- Problem statement -
Copy, in full, each line of the material that holds the word "khác".
##############################
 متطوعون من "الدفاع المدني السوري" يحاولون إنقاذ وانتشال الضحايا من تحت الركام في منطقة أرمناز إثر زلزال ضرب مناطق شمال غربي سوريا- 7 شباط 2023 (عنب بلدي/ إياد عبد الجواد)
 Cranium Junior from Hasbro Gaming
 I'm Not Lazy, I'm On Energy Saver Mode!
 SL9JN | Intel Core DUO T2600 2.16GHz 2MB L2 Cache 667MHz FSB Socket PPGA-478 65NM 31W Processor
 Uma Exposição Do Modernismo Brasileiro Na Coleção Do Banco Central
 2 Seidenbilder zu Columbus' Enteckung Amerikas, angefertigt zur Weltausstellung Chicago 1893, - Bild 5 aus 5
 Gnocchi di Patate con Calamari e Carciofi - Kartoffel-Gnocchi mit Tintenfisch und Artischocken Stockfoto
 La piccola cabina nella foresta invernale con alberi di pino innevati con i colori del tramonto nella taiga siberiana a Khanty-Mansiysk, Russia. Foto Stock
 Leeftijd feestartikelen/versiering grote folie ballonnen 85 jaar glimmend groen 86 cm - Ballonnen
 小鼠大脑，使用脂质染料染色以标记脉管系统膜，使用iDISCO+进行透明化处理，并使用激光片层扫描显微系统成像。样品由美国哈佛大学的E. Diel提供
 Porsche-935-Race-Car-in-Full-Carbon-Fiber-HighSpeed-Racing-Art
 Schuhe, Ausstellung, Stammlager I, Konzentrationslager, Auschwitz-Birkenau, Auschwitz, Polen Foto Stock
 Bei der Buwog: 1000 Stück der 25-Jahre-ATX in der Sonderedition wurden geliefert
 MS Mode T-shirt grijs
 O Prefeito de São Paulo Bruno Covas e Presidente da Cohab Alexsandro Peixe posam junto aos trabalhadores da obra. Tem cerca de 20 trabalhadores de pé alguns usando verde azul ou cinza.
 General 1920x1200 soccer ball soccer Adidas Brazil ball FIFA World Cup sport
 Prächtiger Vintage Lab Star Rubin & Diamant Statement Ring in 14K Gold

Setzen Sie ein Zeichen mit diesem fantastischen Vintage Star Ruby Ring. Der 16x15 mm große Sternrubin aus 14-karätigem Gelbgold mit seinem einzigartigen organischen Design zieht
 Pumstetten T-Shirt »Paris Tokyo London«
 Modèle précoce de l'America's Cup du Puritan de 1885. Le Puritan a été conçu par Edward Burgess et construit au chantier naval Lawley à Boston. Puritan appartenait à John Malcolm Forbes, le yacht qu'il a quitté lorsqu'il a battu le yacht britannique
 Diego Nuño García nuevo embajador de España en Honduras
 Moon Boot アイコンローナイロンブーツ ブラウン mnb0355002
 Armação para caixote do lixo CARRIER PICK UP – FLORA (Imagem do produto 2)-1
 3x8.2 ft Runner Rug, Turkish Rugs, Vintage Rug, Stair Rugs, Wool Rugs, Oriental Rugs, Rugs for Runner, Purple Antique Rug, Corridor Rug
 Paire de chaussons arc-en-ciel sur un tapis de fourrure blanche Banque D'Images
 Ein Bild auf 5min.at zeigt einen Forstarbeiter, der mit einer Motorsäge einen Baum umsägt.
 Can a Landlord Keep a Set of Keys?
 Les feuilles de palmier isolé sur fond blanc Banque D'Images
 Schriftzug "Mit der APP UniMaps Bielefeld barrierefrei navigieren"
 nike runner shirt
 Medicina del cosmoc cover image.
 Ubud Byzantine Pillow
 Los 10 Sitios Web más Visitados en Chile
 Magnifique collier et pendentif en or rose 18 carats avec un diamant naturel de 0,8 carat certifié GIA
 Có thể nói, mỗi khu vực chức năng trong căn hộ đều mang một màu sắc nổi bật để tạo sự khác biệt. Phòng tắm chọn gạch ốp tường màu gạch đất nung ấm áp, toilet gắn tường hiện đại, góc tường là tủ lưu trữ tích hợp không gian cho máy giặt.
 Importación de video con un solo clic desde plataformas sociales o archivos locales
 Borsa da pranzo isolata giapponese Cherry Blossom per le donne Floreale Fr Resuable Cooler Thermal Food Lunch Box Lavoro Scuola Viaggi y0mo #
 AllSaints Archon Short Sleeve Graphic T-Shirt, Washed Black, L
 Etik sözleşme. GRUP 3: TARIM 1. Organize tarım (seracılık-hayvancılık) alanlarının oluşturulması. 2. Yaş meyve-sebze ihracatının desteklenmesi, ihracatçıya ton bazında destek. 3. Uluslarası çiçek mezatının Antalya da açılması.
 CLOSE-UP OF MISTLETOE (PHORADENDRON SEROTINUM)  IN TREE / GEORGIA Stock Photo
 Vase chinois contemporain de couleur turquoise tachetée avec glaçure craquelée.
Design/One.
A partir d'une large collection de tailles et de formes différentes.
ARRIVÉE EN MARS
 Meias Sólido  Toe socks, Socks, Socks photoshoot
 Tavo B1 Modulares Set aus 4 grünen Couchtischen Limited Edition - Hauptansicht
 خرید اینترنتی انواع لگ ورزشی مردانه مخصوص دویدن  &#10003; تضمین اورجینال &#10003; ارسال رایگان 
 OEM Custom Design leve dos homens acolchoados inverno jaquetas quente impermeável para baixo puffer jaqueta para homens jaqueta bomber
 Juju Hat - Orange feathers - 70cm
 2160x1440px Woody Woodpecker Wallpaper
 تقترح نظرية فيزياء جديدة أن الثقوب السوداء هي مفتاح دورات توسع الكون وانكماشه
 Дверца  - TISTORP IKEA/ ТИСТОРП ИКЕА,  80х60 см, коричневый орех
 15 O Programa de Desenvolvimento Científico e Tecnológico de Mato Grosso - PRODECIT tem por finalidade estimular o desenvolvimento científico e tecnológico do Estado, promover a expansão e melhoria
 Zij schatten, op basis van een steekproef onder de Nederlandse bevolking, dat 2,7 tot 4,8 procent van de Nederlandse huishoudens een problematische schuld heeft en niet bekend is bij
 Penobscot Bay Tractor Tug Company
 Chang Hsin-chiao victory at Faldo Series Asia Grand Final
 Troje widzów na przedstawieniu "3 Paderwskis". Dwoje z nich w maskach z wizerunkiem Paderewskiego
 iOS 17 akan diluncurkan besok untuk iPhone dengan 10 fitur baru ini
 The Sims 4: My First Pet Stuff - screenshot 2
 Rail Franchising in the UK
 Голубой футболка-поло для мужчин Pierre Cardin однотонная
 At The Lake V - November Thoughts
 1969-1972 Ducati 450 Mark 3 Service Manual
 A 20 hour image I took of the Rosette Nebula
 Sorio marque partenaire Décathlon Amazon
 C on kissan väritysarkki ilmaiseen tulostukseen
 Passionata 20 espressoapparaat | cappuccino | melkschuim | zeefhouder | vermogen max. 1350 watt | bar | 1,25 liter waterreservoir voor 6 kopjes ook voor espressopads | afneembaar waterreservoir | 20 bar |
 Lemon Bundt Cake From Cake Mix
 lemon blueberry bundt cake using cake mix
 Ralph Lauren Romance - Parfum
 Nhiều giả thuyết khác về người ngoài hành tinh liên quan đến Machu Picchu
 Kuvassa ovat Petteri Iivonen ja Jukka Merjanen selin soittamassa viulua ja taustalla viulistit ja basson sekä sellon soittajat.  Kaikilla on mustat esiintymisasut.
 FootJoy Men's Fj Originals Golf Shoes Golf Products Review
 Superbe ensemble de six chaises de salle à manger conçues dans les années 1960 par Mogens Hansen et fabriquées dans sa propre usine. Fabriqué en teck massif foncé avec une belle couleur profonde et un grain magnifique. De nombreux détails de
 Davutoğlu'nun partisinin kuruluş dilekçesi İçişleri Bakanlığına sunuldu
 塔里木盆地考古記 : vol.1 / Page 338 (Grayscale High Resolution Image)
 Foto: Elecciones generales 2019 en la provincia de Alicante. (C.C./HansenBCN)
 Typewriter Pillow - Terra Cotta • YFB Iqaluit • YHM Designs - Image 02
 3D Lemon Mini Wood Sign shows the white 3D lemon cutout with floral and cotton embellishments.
##############################
- Output -
 Có thể nói, mỗi khu vực chức năng trong căn hộ đều mang một màu sắc nổi bật để tạo sự khác biệt. Phòng tắm chọn gạch ốp tường màu gạch đất nung ấm áp, toilet gắn tường hiện đại, góc tường là tủ lưu trữ tích hợp không gian cho máy giặt.
 Nhiều giả thuyết khác về người ngoài hành tinh liên quan đến Machu Picchu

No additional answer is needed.